- PROBLEM DETAILS
Word for word, print all of the lines below.

- DATA SHOWN
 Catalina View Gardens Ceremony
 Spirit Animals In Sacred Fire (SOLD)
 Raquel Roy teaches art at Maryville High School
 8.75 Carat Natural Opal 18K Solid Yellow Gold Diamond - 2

- EXPECTED OUTPUT
 Catalina View Gardens Ceremony
 Spirit Animals In Sacred Fire (SOLD)
 Raquel Roy teaches art at Maryville High School
 8.75 Carat Natural Opal 18K Solid Yellow Gold Diamond - 2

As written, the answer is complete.